=== Your goal ===
Your copy should match the listing below exactly, except that it holds no images.

=== Given data ===
##########
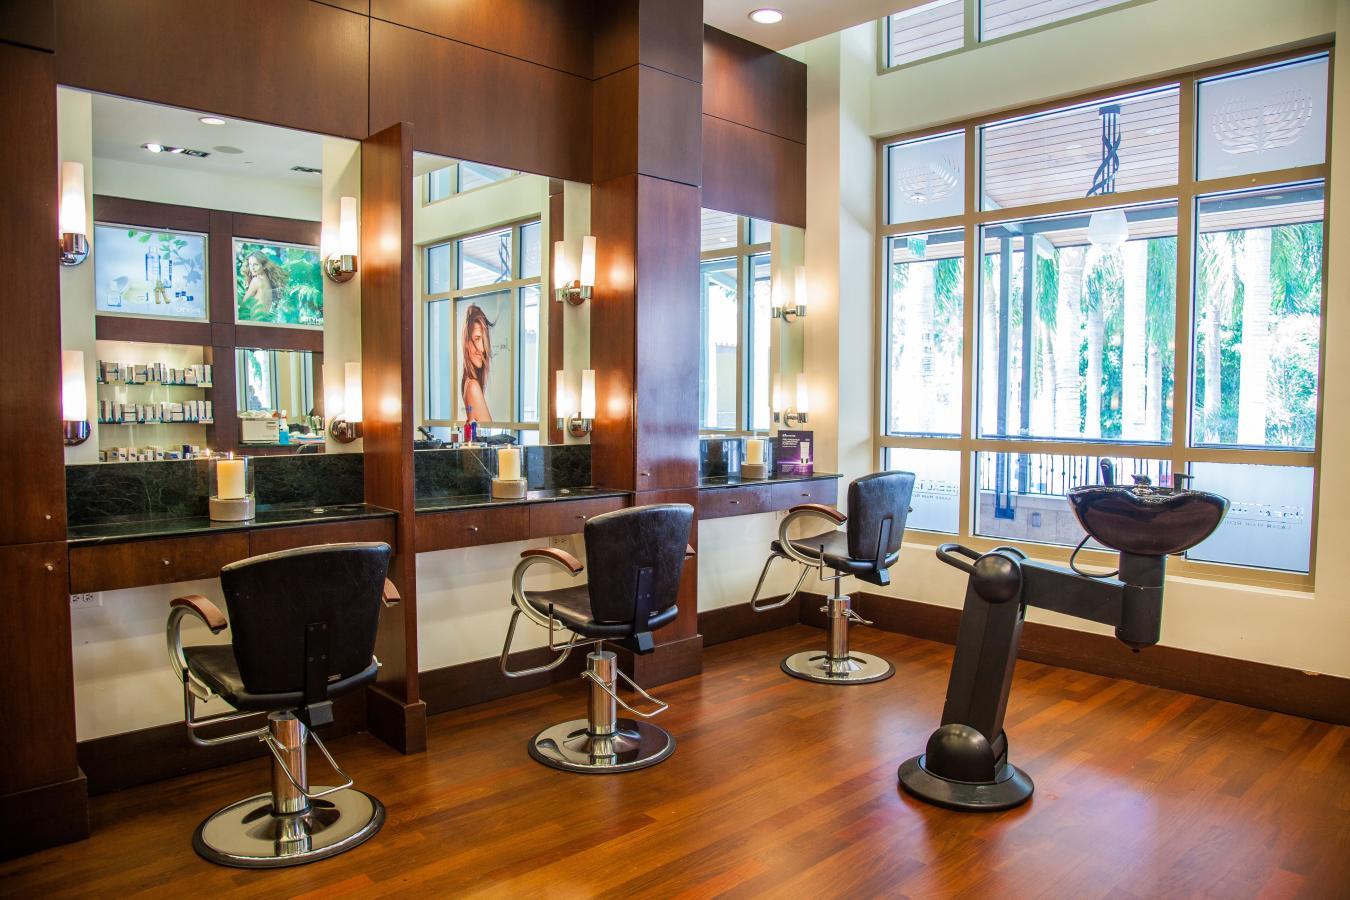 Salon at Elemis Day Spa, Merrick Park.
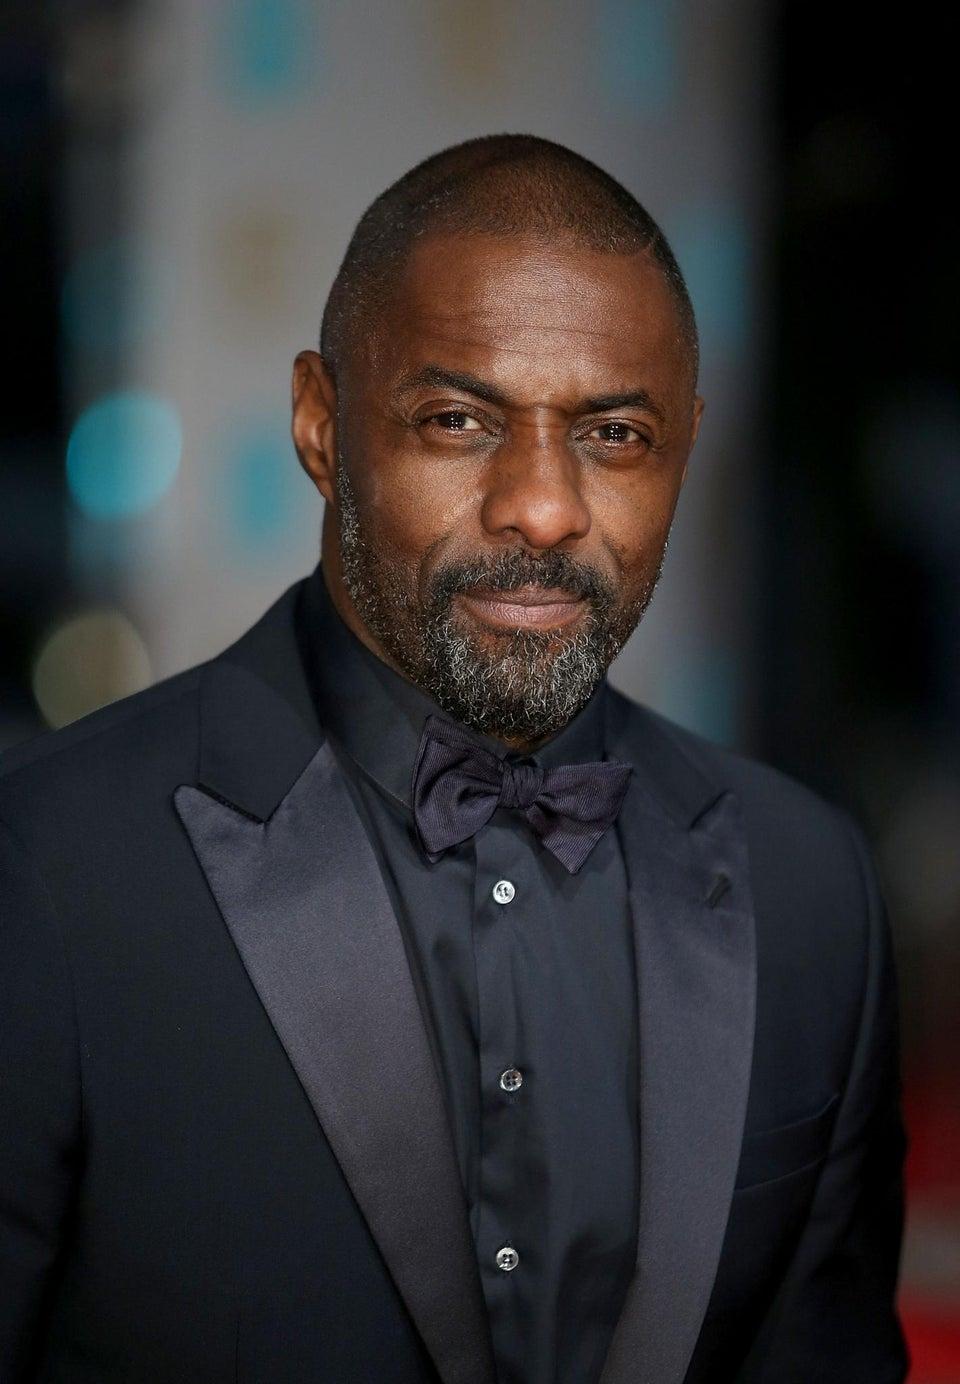 Hear Idris Elba as Shere Khan in 'The Jungle Book'
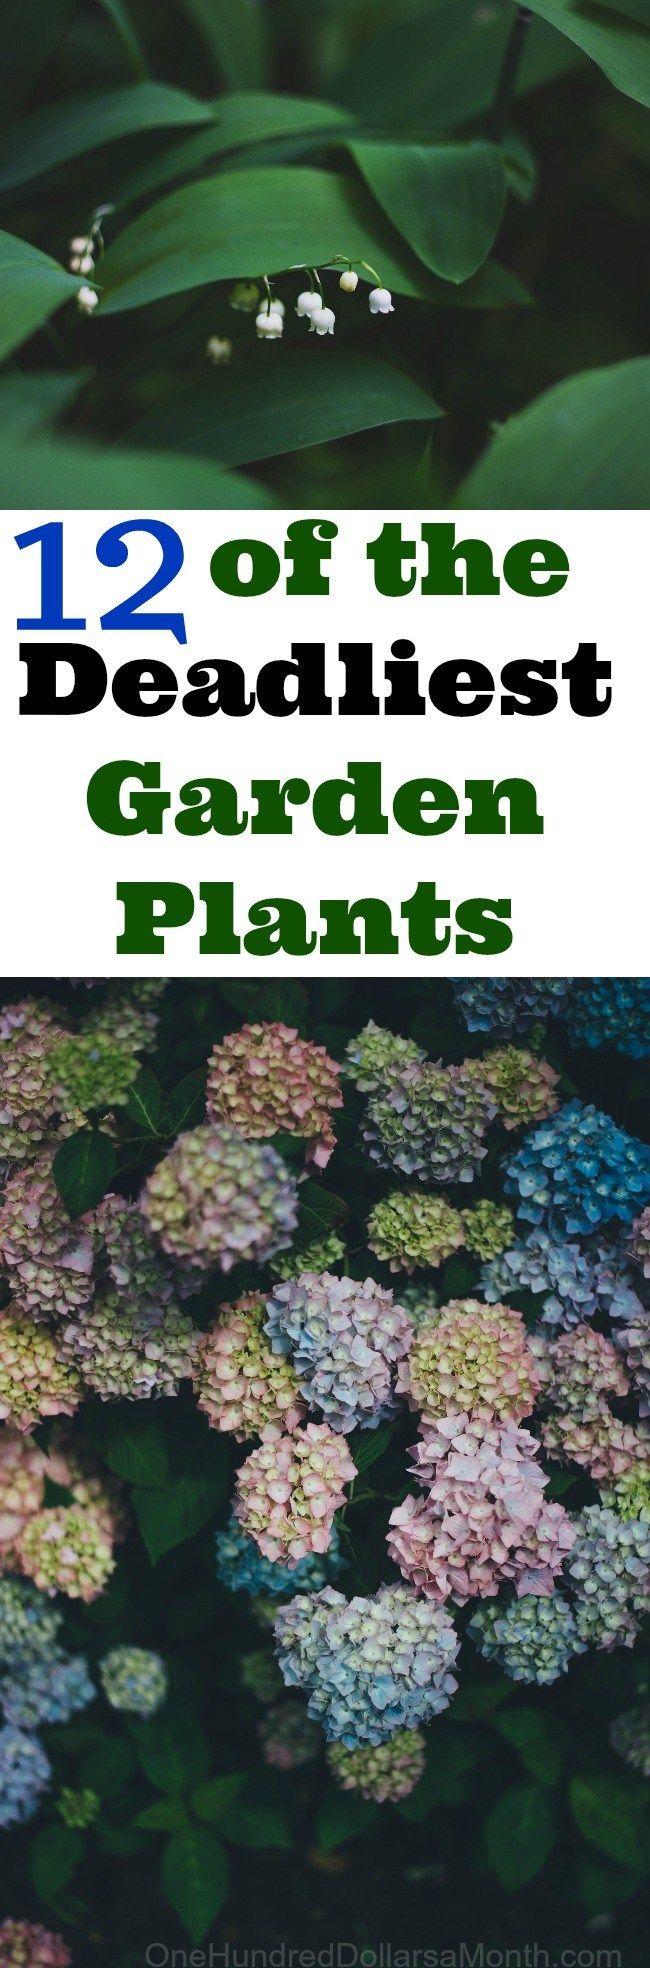 12 of the Deadliest Garden Plants, Garden Tips, Gardening Tips, Deadly Plants
##########
=== Task answer ===
 Salon at Elemis Day Spa, Merrick Park.
 Hear Idris Elba as Shere Khan in 'The Jungle Book'
 12 of the Deadliest Garden Plants, Garden Tips, Gardening Tips, Deadly Plants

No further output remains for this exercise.